You could call it the difference between the front end and the back end. You could call it the difference between the lower layers of the stack and the upper layers. All of these are imperfect models for what I see and feel is happening.
Here’s a paragraph from Steven Johnson’s excellent analysis of what has happened in NYC in the past decade:
One secret to New York’s technological success lies in the Interactive Telecommunications Program (ITP), a two-year graduate course at New York University. In spite of its focus on technology, the ITP is nonetheless based in the Tisch School of the Arts, and its official description emphasises an “imaginative use of communications technologies.”

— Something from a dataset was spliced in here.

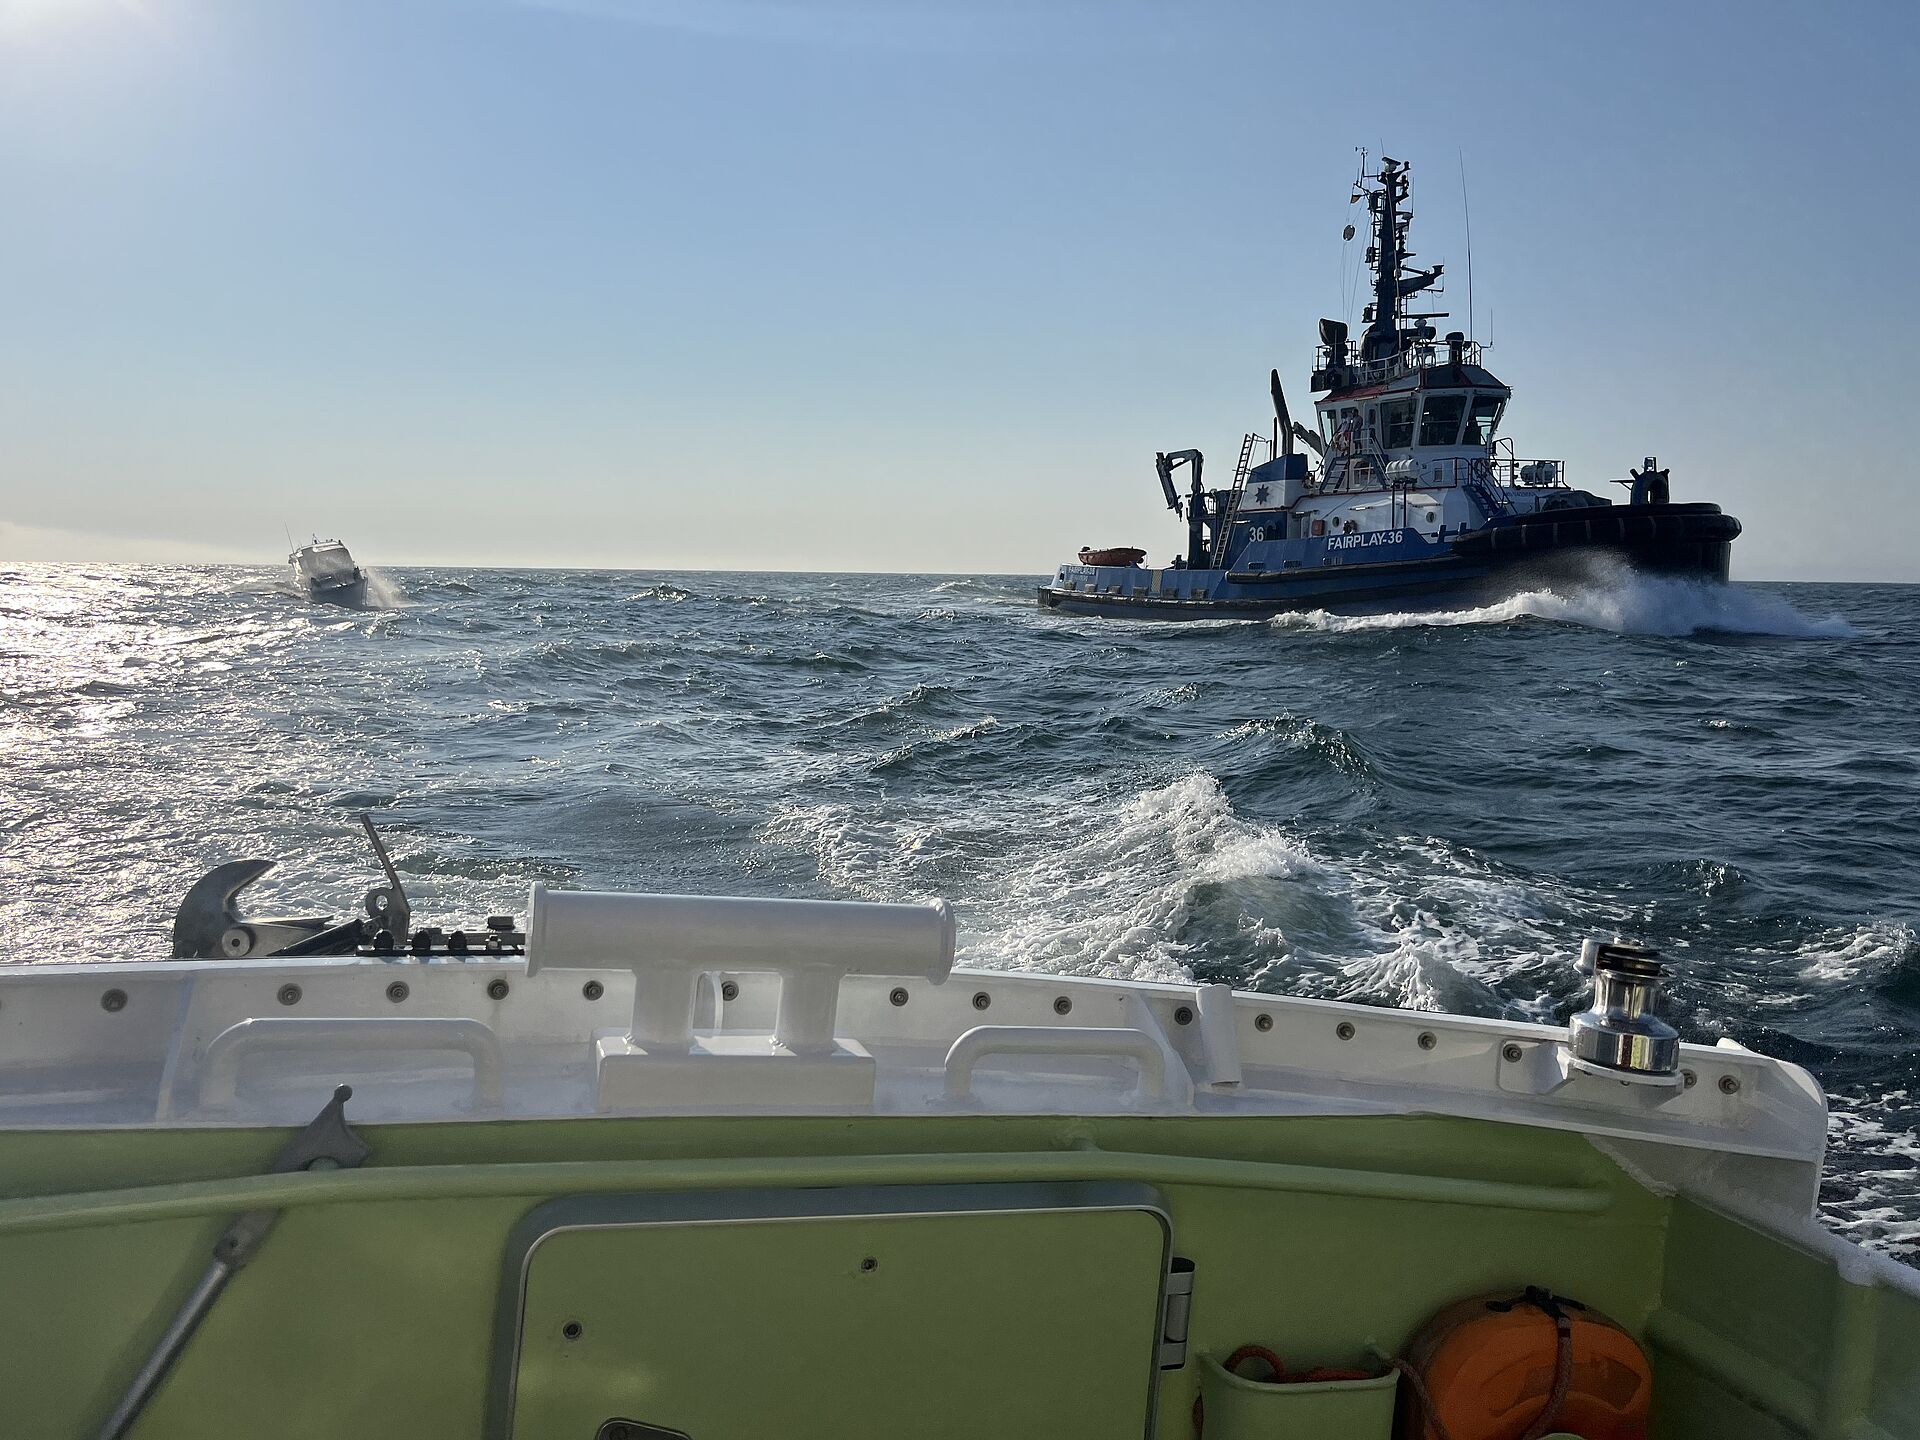 Seenotretter der Station Kühlungsborn im Einsatz für orientierungslose Sportboot-Besatzung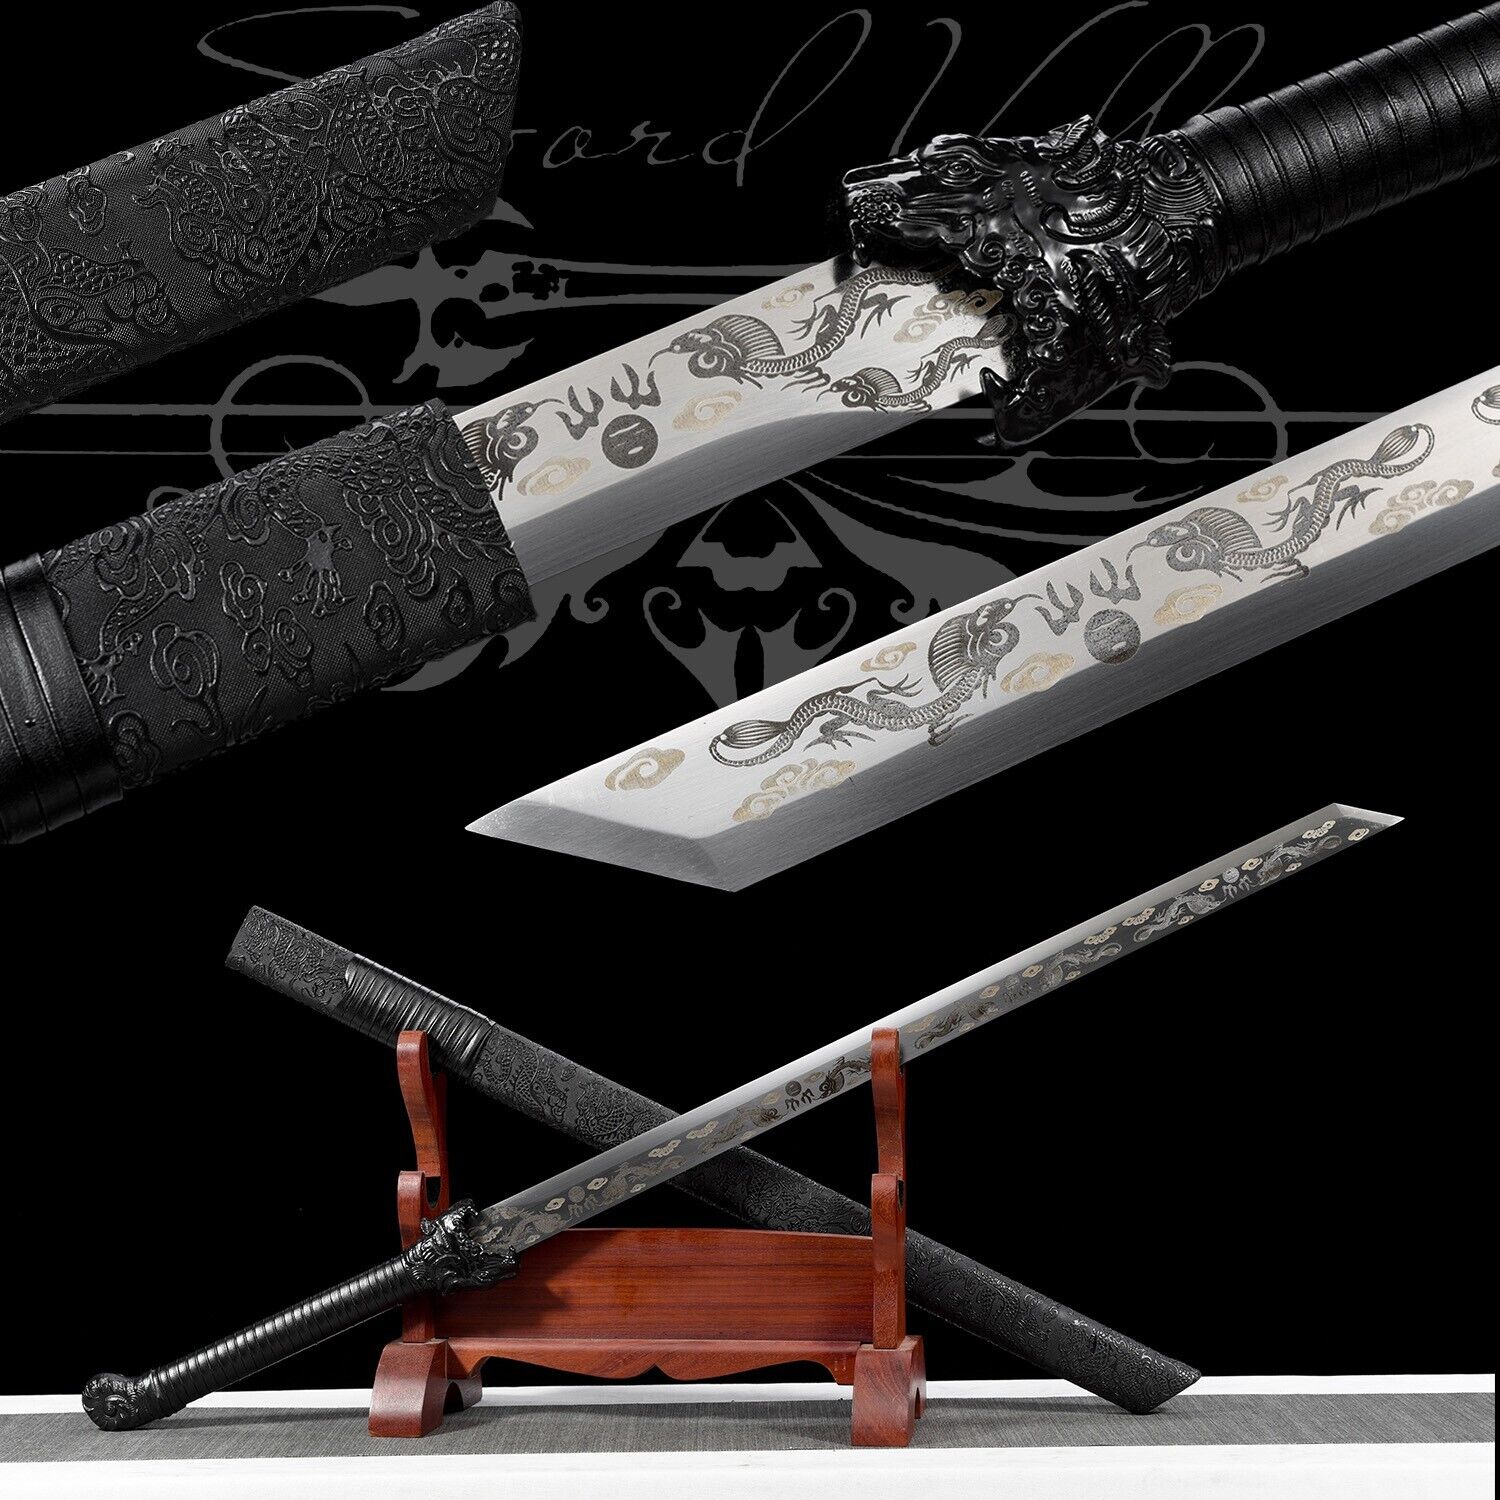 Handmade Katana/Manganese Steel/Collectible Sword/Full Tang/Real/Black tiger

Was it accidental or intentional the ITP was located in an arts school? I don’t know. I should find out. But regardless of why it was done that way, the result has been impactful. ITP churns out talented people who are half engineer, half artist. And the things they build reflect that view of the world.
When we look at our portfolio and analyse what has worked and what has not, we see a high correlation between having that “creative element” firmly ensconced into the founding team and success. The teams that are engineer heavy and creative light have not worked nearly as well as the teams that are creative heavy and engineer light.
Our portfolio is not a definitive sample. It could simply reflect our biases and therefore mean nothing. But I encourage everyone out there in tech startup land to think about this distinction and see if it rings true. Because I think we are in new territory in the digital technology revolution and some of the old rules matter less and new rules matter more. And if that is true, we ought to figure out what the new rules are and make sure we are focused on them.